The climate apocalypse has come and gone, and in the end it wasn't the temperature climbing or the waters rising. It was the trees. They created enough pollen to render the air unbreathable, and the world became overgrown.
In the decades since the event known as the Turning, humanity has rebuilt, and Izabel has grown used to the airtight domes that now contain her life. She raises her young daughter, Cami, and attempts to make peace with her mother's death. She tries hard to be satisfied with this safe, prosperous new world, but instead she just feels stuck.
And then the tranquility of her town is shattered. Someone—a serial killer—starts slashing through the domes at night, exposing people to the deadly pollen. At the same time, Cami begins sleep-talking, having whole conversations about the murders that she doesn't remember after she wakes. Izabel becomes fixated on the killer, on both tracking him down and understanding him. What could compel someone to take so many lives after years dedicated to sheer survival, with society finally flourishing again?
Suspenseful and startling, but also poetic and written with a wry, observant humor, this “skillful blend of postapocalyptic science fiction, supernatural murder mystery, and domestic drama is unexpected and entirely engrossing” (Publishers Weekly).
PUBLISHERS WEEKLY
Blake's fascinating, idiosyncratic second novel (after 2019's Namaah) constructs a haunting postapocalyptic world with which a withdrawn woman must finally come to terms when someone starts killing local families.

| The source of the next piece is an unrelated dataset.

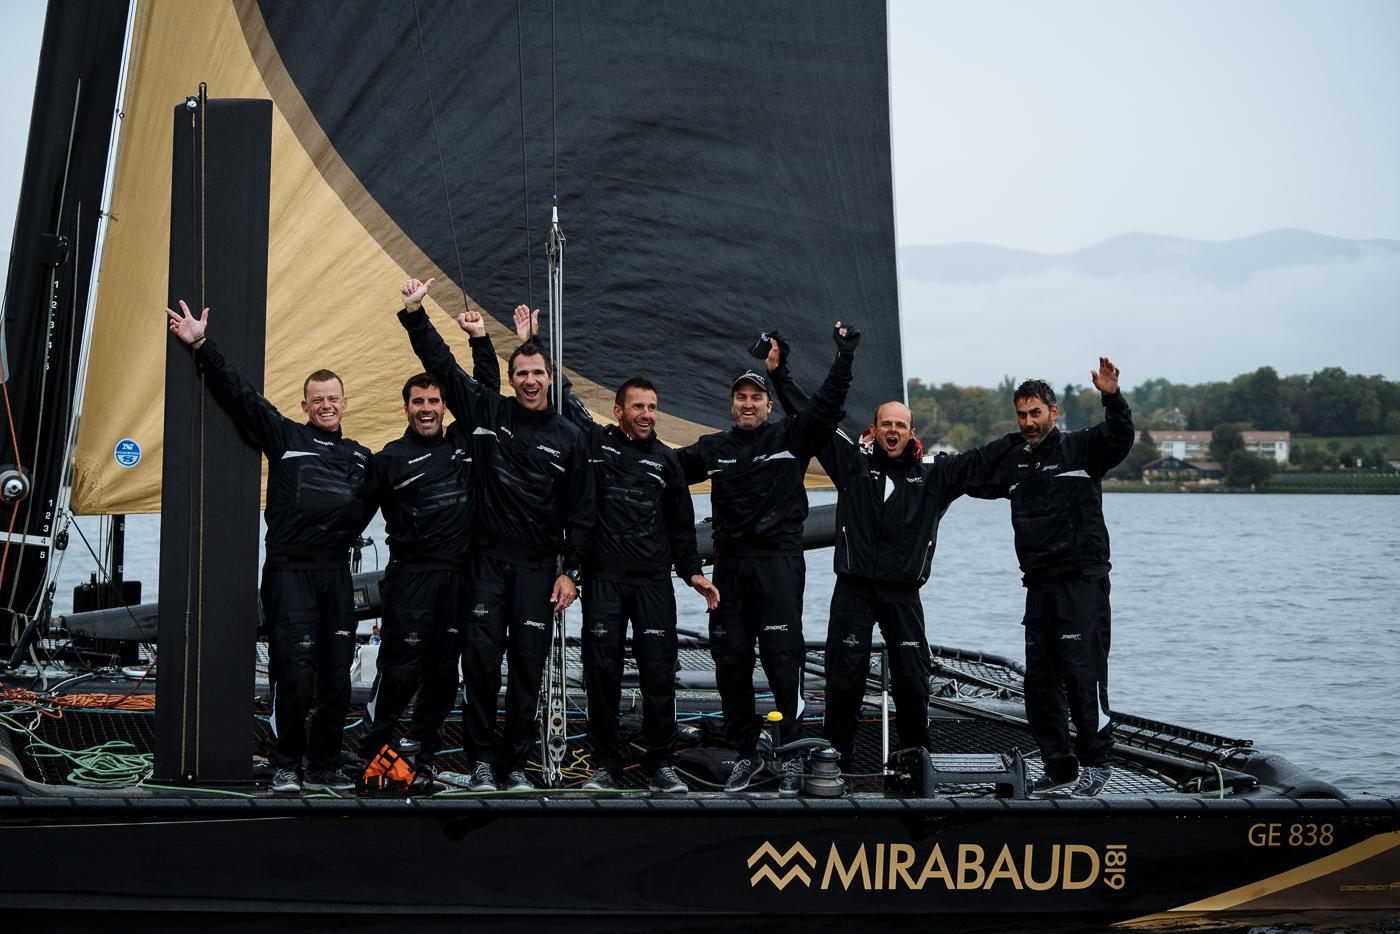 From left to right: Malo Bessec, Benjamin Amiot, Erwan Israel, Xavier Revil, Fred Moreau, Nicolas Débordès, Jacques Guichard
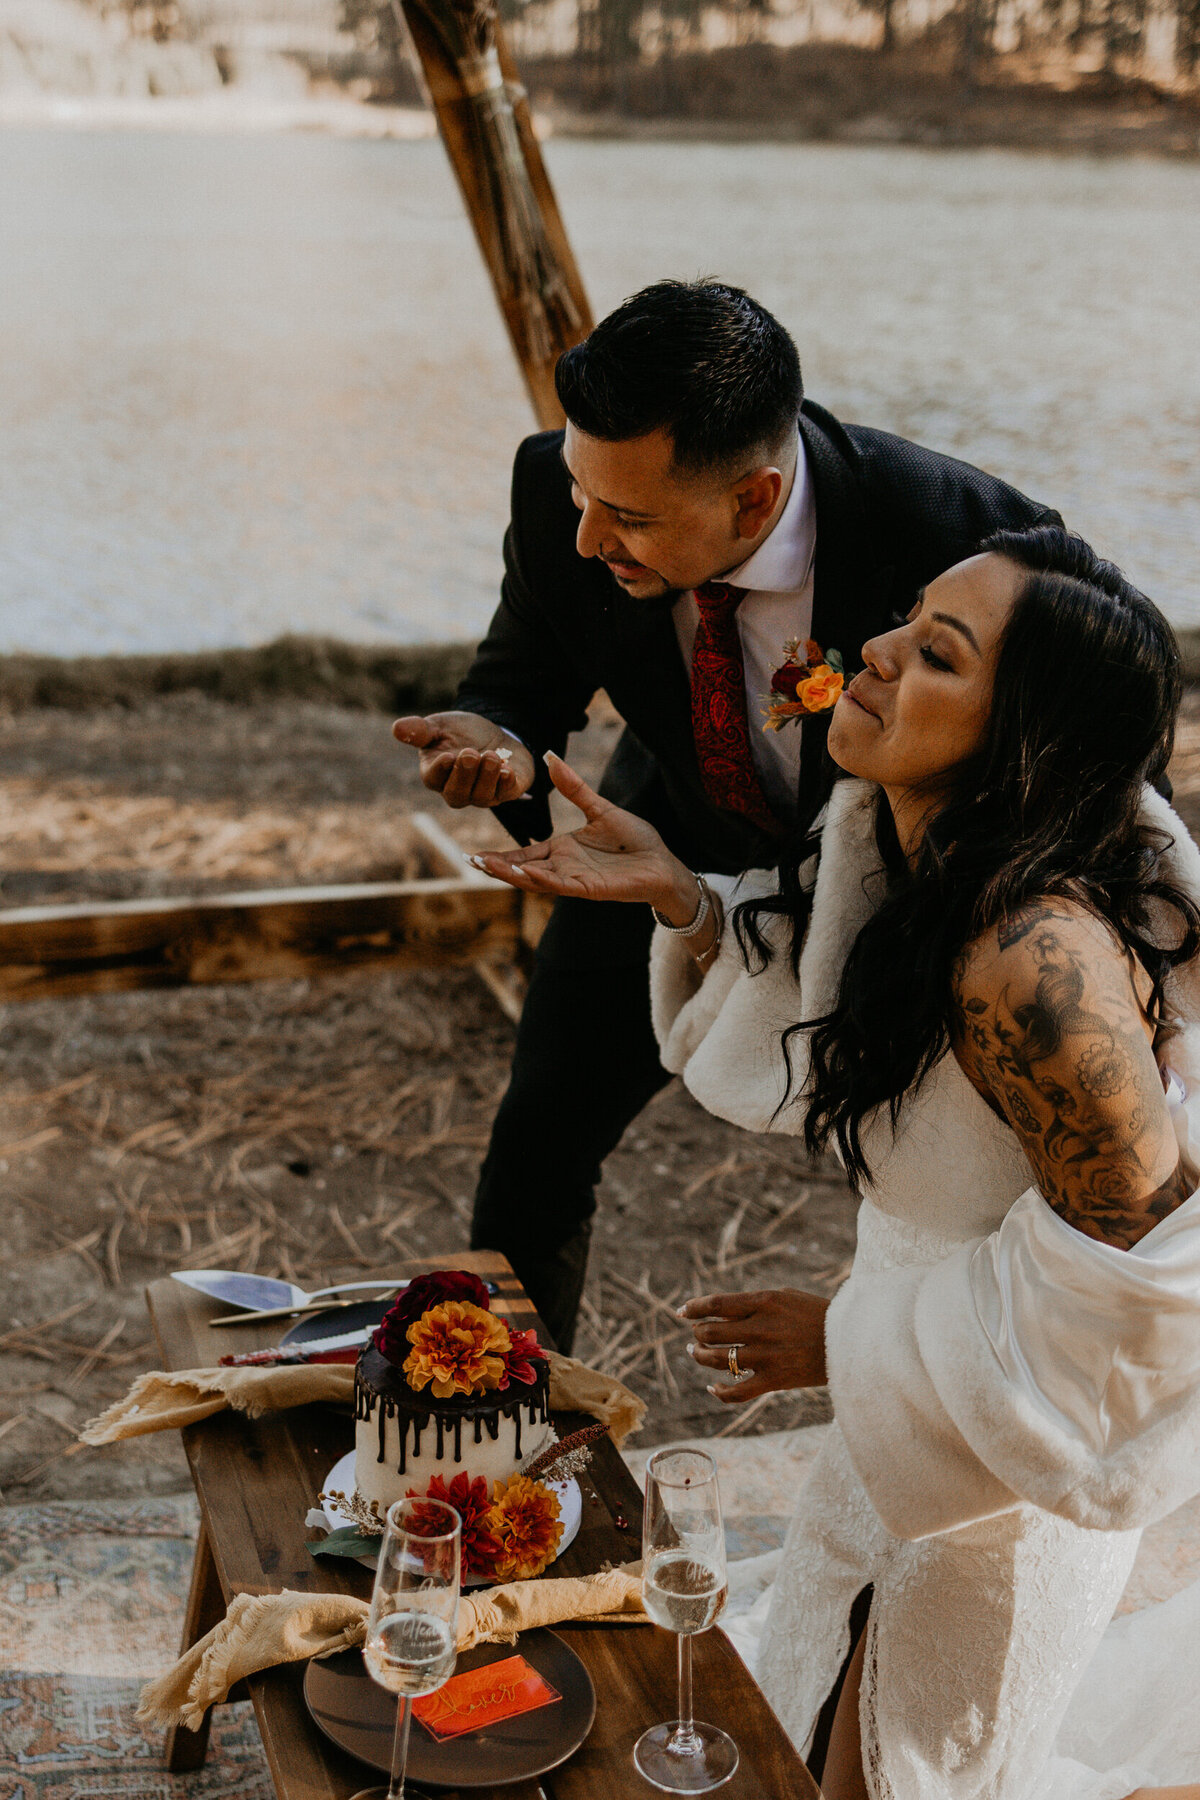 newlyweds cutting cake after their elopement ceremony

In 2032, trees began producing more pollen than human bodies could handle, killing billions of people. Ten years later, the survivors of what's called the Turning carefully navigate a world where it's not safe to be outside for more than seconds at a time. Among them is Izabel, who meanders through her days feeling vaguely dissatisfied with life with her husband, Kaito, and four-year-old daughter, Cami. When Cami develops inexplicable sleep issues around the same time a serial killer starts slashing the plastic sheeting enclosing nearby homes and letting in the toxic air, Izabel ends up in the best position to solve the mystery, following clues in the phrases Cami mutters in her sleep. The novel's tone is restrained, sometimes verging on mannered, which belies the gradual but effective accumulation of emotions and images. The skillful blend of postapocalyptic science fiction, supernatural murder mystery, and domestic drama is unexpected and entirely engrossing.